Sebastian Vettel and Kimi Raikkonen appeared capable of forcing Mercedes to at least break a sweat on their way to a fourth straight world constructors’ championship.
But Ferrari blew the chance to crack their dominance of the competition at the United States Grand Prix last month, slipping to an unassailable deficit of 147 points.
The colossal gap between first and second, which might even increase by the end of the final two races in Brazil and Abu Dhabi, gives the Scuderia much to consider ahead of next season.
Reflecting on a campaign of two contrasting periods, Ferrari president Sergio Marchionne seems to be looking forward to a fresh start.

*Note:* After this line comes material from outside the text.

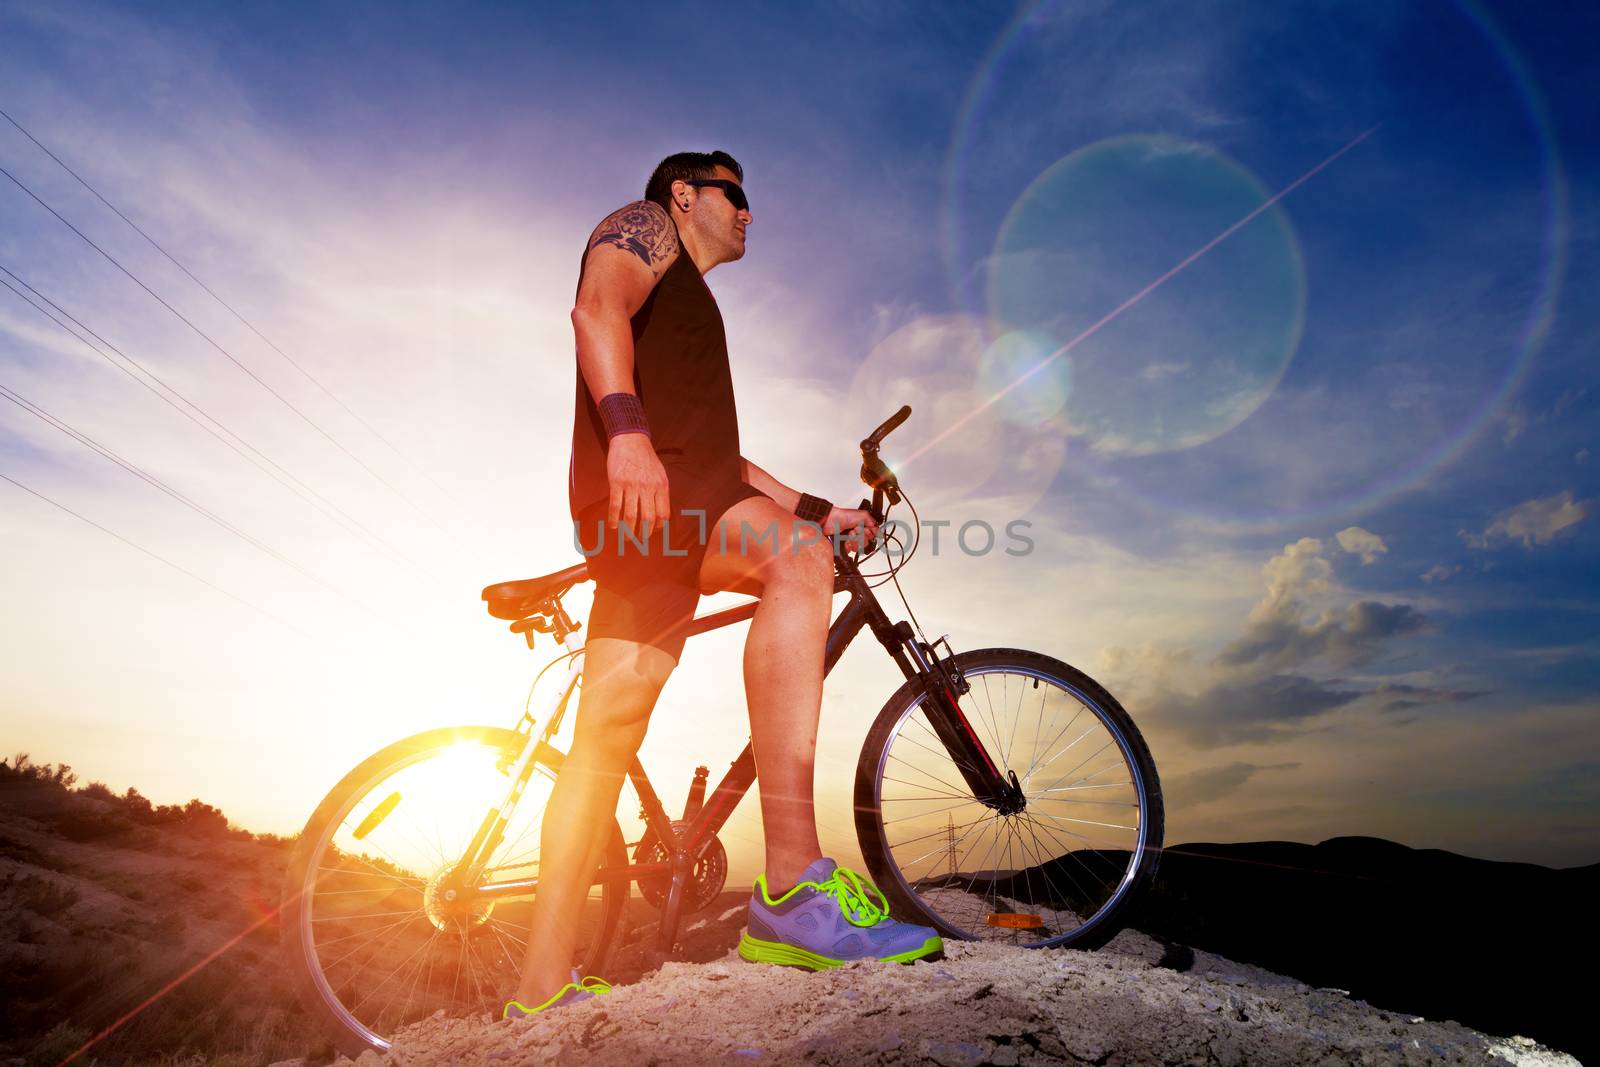 Sport and healthy life.Mountain bike and landscape background by carloscastilla
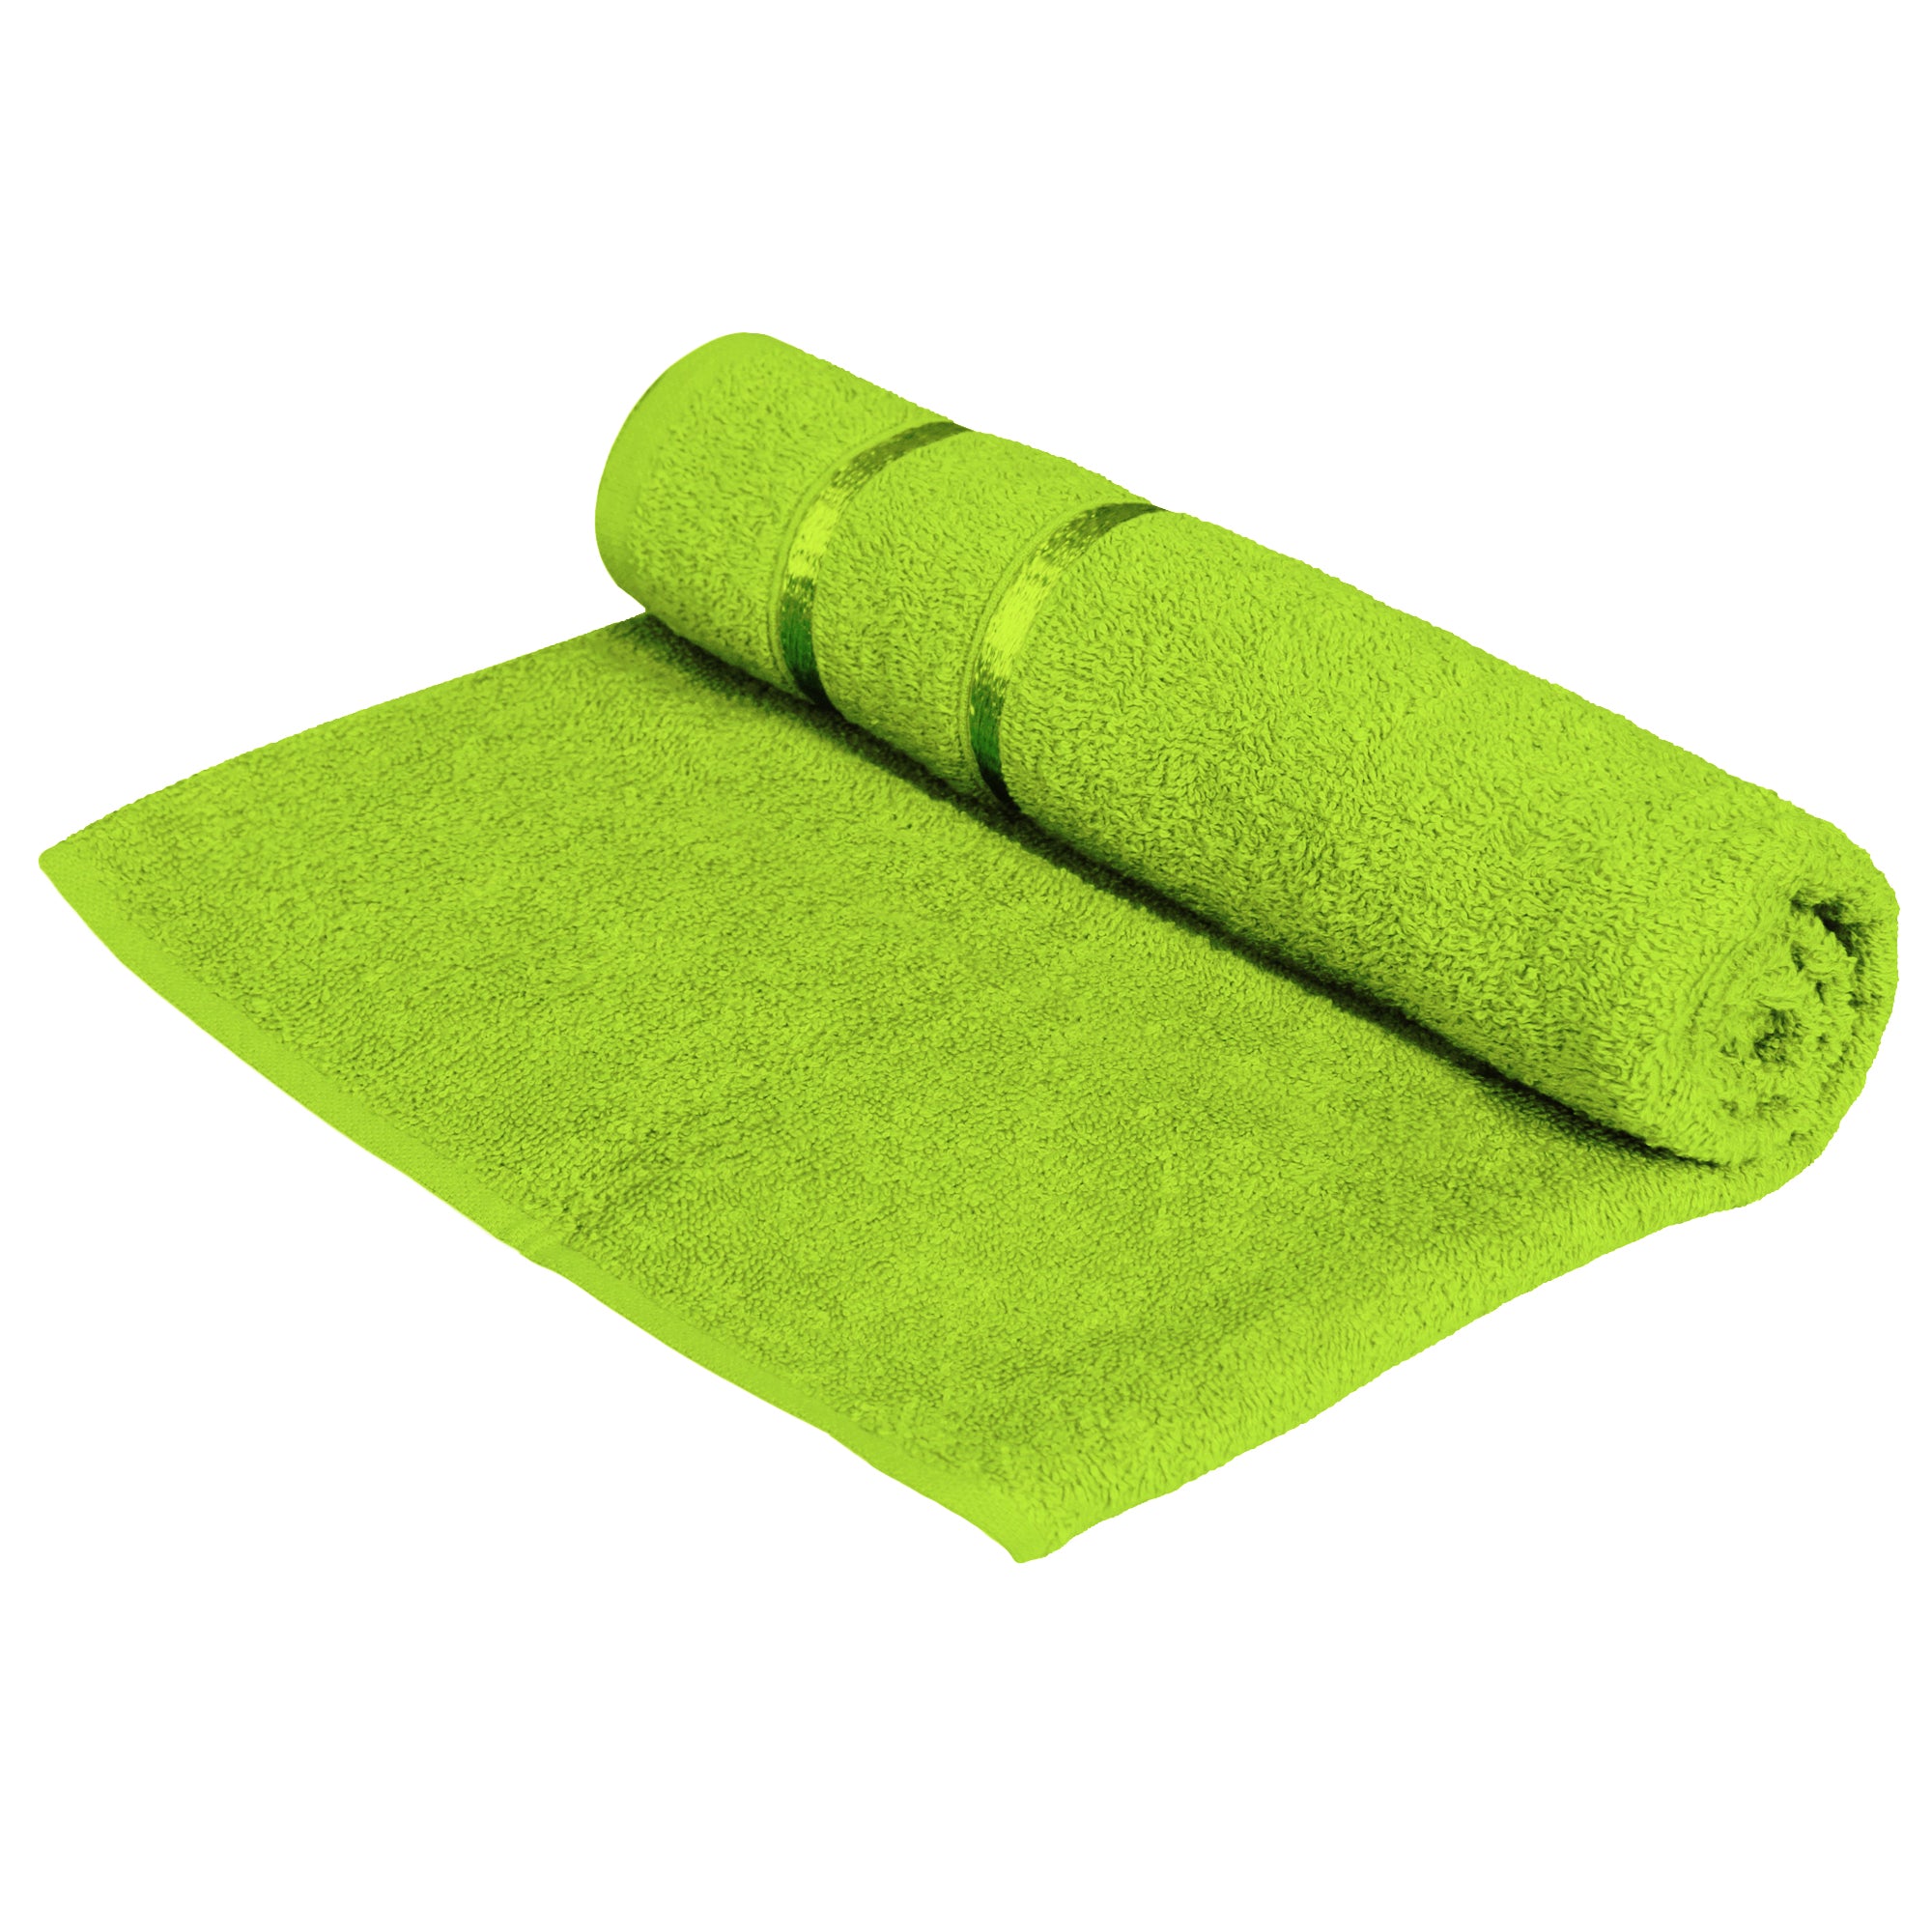 Story@Home 2 Units 100% Cotton Ladies Bath Towels - Green and Wine Red

"I think we have learned a lot, and it's a painful way of learning it. The second half revealed some structural weaknesses in the manner in which we are managing the business, which are going to get rectified and hopefully in 2018 will be a much better season," he said in an investors' call, per ESPN.
"I remind everybody who asks me this question, and I am probably the most critical in the way in which we manage our F1 activities, but if I had asked anybody at this time last year as to how well we would have done in 2017 I couldn't have got a buyer for the idea that we would be that far advanced in the first half of the season.
"So, we have done well given our starting point, [but] we were unable to finish the task. It's a 2018 objective now. We regret not having done better, but the car is there – it's in my view the best car on the track today.”
HOW DID IT GO SO WRONG FOR FERRARI?
However, regarding the particular reasons behind their failings, Marchionne made no effort to exclude Vettel and Raikkonen from the blame.
"I don't believe in bad luck.
"Ultimately it's a reflection on the way in which we manage the businesses. It was a combination, especially in the second half of the season, between technical issues and driver error – or driver misjudgement.”
It’s a fair assessment given their stunning run of misfortune between the 14th and 16th events on the calendar.
Vettel and Raikkonen were both forced to retire from the Singapore Grand Prix due to a crash on the first turn before engine problems in Malaysia and Japan all but confirmed their grim fate.
Ferrari fan or not, one has to feel a shred of sympathy for The Prancing Horse.